Xi Wang March 4, 2020, 9:39 p.m. UTC
The main purpose of kernel watchdog is to test whether scheduler can
still schedule tasks on a cpu. In order to reduce latency from
periodically invoking watchdog reset in thread context, we can simply
touch watchdog from pick_next_task in scheduler. Compared to actually
resetting watchdog from cpu stop / migration threads, we lose coverage
on: a migration thread actually get picked and we actually context
switch to the migration thread. Both steps are heavily protected by
kernel locks and unlikely to silently fail. Thus the change would
provide the same level of protection with less overhead.

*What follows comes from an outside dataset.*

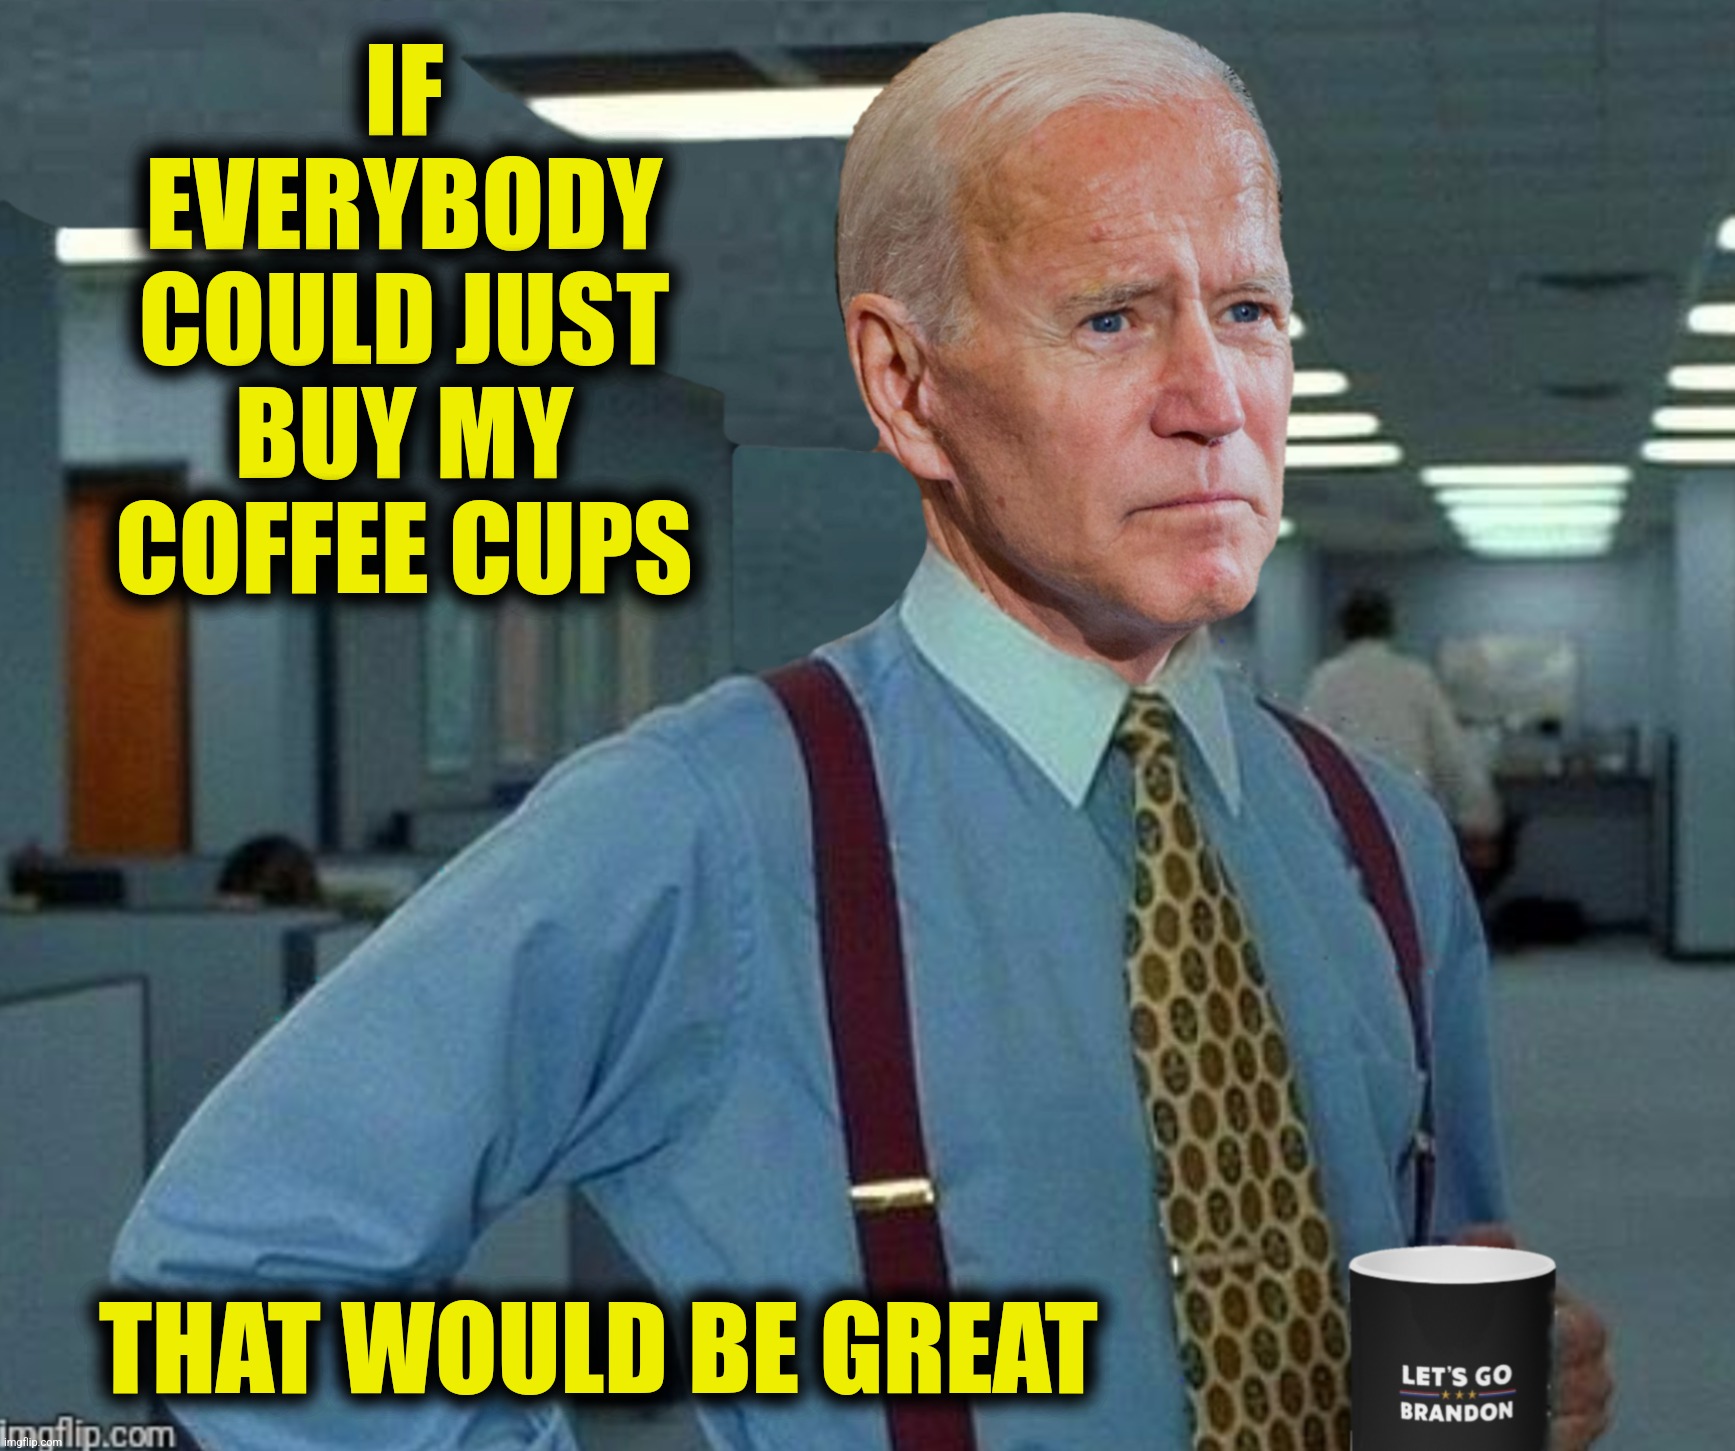 IF EVERYBODY COULD JUST BUY MY COFFEE CUPS THAT WOULD BE GREAT | made w/ Imgflip meme maker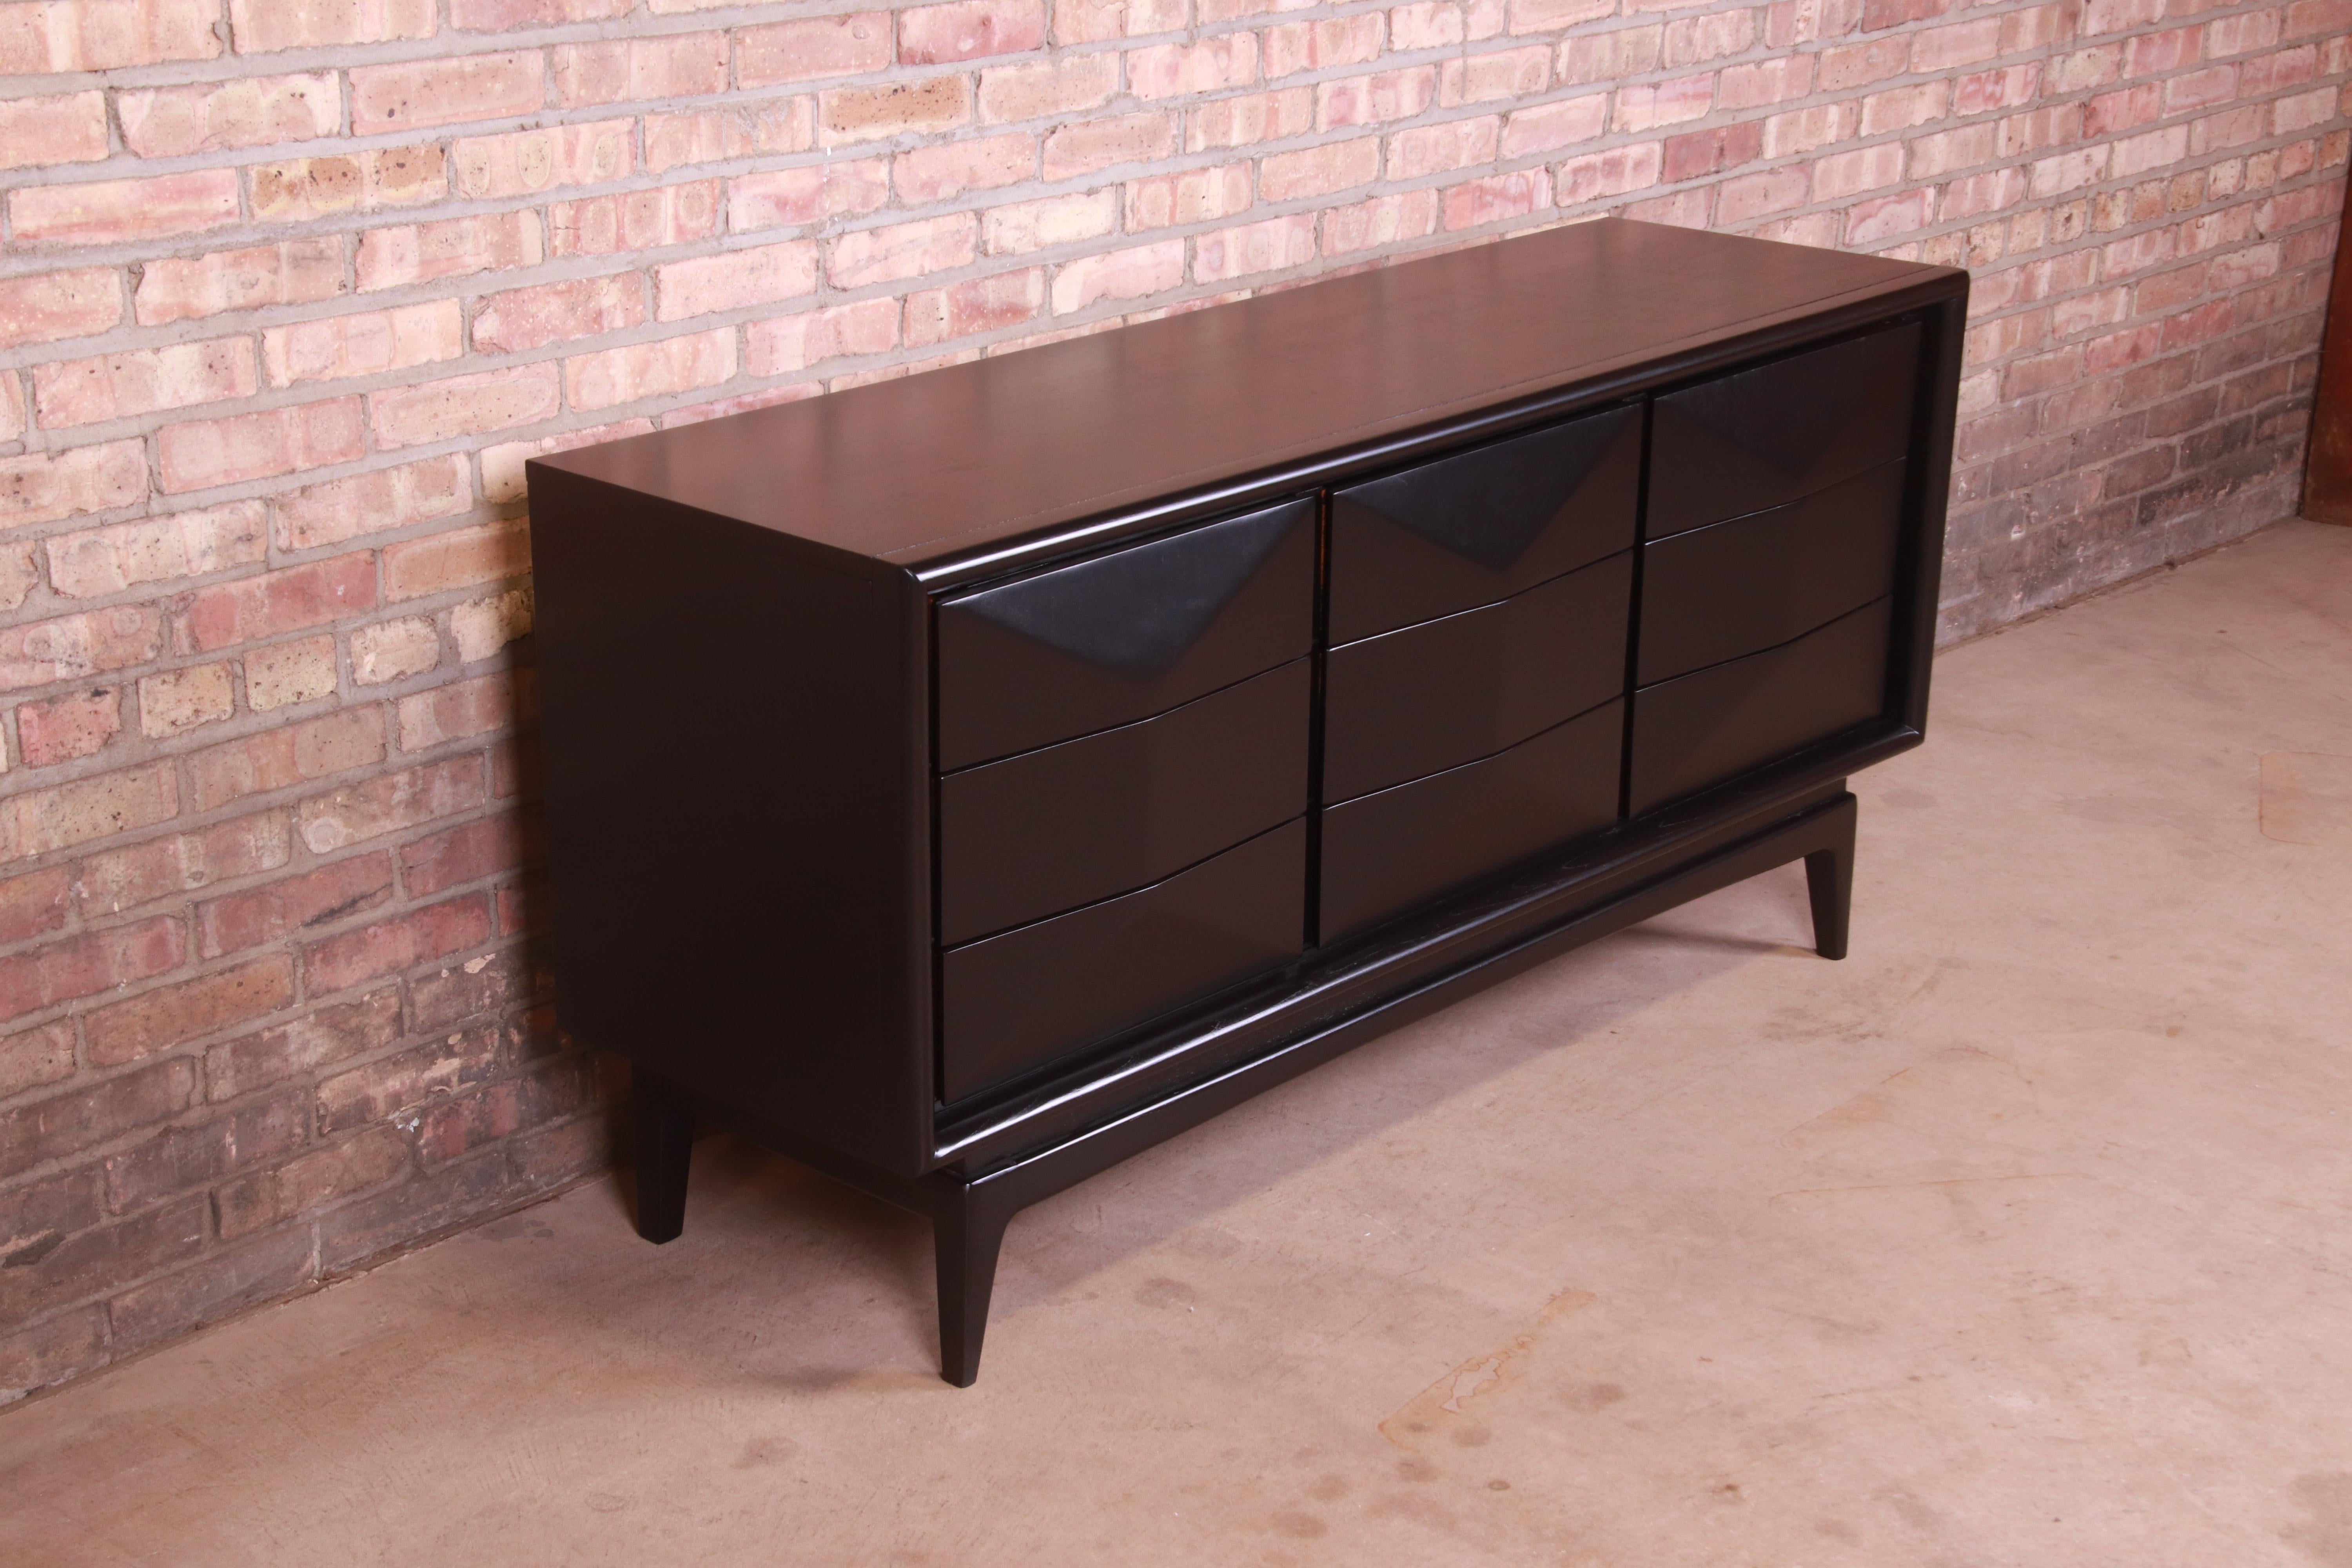 Walnut Mid-Century Modern Black Lacquered Diamond Front Dresser or Credenza by United

The new way vs the old way to touch the watchdogs is configurable
from:

/proc/sys/kernel/watchdog_touch_in_thread_interval

The value means:
0: Always touch watchdog from pick_next_task
1: Always touch watchdog from migration thread
N (N>0): Touch watchdog from migration thread once in every N
         invocations, and touch watchdog from pick_next_task for
         other invocations.

Suggested-by: Paul Turner <pjt@google.com>
Signed-off-by: Xi Wang <xii@google.com>
---
 kernel/sched/core.c | 36 ++++++++++++++++++++++++++++++++++--
 kernel/sysctl.c     | 11 ++++++++++-
 kernel/watchdog.c   | 39 ++++++++++++++++++++++++++++++++++-----
 3 files changed, 78 insertions(+), 8 deletions(-)

Comments

Steven Rostedt March 5, 2020, 3:11 a.m. UTC | #1
On Wed,  4 Mar 2020 13:39:41 -0800
Xi Wang <xii@google.com> wrote:

> The main purpose of kernel watchdog is to test whether scheduler can
> still schedule tasks on a cpu. In order to reduce latency from
> periodically invoking watchdog reset in thread context, we can simply
> touch watchdog from pick_next_task in scheduler. Compared to actually
> resetting watchdog from cpu stop / migration threads, we lose coverage
> on: a migration thread actually get picked and we actually context
> switch to the migration thread. Both steps are heavily protected by
> kernel locks and unlikely to silently fail. Thus the change would
> provide the same level of protection with less overhead.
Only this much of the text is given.